**Exercise description**
Go through the data and copy each line that holds "Black".

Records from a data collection

%%

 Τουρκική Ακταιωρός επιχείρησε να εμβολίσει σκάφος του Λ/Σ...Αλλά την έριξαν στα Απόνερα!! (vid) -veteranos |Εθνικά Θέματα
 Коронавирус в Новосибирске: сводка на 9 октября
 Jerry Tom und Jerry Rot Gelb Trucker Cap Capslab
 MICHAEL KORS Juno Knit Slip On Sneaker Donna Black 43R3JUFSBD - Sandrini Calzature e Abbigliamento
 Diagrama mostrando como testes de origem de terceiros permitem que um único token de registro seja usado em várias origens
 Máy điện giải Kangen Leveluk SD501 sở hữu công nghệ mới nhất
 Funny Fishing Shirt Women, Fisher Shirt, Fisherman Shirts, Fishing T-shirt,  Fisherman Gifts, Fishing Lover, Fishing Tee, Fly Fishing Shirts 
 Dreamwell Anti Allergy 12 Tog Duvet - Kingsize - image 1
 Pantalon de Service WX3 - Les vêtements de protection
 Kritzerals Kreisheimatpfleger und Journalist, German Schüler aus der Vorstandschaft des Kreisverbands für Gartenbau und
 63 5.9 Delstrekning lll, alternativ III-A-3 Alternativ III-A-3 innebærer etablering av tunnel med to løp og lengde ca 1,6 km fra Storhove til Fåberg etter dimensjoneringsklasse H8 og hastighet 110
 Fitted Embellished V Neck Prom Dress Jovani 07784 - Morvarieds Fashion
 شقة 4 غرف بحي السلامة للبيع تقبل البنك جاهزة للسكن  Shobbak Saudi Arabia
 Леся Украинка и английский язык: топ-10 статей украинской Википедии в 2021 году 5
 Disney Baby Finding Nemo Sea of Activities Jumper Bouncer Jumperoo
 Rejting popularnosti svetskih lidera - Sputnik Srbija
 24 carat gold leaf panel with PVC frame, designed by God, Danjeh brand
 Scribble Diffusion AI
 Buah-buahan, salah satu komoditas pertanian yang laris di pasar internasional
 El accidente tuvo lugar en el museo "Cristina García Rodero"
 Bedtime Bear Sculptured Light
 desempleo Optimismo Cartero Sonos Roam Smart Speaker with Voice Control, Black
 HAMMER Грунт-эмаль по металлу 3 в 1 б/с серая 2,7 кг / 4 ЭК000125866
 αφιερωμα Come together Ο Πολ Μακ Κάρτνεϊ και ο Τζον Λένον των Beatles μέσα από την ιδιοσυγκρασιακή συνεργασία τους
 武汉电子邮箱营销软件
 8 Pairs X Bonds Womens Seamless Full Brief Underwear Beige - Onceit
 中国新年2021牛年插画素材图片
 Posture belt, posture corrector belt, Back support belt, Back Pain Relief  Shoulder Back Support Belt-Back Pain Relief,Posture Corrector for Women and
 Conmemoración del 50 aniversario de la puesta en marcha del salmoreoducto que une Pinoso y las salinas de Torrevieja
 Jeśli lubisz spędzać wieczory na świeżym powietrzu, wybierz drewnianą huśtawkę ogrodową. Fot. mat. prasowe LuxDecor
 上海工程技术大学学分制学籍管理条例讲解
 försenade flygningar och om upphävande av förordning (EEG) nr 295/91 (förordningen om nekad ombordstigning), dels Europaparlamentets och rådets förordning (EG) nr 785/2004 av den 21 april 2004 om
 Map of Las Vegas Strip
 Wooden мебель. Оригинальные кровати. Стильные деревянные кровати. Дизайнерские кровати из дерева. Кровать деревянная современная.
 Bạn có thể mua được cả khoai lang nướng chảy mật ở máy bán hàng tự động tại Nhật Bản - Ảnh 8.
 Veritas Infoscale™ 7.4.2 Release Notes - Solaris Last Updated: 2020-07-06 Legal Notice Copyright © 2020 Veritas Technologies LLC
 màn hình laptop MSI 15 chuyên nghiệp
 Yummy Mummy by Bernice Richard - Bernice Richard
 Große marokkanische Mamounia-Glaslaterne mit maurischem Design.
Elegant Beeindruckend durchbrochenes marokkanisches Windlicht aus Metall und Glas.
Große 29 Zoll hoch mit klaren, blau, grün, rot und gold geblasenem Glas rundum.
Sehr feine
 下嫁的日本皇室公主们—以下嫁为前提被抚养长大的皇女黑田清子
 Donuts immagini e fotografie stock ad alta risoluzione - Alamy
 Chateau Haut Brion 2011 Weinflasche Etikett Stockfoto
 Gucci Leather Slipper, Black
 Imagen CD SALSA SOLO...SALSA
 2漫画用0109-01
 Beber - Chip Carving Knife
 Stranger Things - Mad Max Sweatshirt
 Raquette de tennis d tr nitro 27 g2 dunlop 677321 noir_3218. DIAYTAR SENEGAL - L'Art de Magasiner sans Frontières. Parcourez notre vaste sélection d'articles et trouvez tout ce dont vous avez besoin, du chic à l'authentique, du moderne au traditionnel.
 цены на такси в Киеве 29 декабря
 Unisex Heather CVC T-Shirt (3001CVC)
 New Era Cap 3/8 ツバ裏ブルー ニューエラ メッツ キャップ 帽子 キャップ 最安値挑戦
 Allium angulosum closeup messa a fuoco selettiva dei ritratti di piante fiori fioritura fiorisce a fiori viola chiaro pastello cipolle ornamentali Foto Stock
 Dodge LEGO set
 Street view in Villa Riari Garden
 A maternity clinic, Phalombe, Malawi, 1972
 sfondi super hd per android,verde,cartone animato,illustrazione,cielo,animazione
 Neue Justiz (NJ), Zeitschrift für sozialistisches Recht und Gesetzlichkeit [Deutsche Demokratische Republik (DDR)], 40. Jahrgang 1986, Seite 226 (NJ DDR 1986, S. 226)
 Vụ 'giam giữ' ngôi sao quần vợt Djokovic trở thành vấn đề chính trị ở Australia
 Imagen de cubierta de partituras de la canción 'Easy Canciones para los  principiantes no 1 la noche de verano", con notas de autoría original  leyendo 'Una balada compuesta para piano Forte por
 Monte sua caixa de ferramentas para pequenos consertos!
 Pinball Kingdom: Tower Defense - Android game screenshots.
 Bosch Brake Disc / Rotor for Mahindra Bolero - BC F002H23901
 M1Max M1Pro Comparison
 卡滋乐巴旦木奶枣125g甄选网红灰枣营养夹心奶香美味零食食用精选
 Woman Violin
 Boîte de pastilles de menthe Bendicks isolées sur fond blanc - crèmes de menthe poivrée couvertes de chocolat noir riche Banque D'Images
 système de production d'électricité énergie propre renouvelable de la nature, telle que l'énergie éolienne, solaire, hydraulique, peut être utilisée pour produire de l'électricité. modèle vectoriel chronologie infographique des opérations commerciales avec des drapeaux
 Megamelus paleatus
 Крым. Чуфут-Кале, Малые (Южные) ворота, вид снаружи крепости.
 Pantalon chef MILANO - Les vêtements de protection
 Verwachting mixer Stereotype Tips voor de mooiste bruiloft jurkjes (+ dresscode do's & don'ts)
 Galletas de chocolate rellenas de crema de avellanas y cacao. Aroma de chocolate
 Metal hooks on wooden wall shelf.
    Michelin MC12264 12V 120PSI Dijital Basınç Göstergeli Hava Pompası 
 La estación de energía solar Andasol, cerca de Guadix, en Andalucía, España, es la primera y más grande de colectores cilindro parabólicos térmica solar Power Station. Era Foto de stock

%%

**Result below**
 MICHAEL KORS Juno Knit Slip On Sneaker Donna Black 43R3JUFSBD - Sandrini Calzature e Abbigliamento
 desempleo Optimismo Cartero Sonos Roam Smart Speaker with Voice Control, Black
 Gucci Leather Slipper, Black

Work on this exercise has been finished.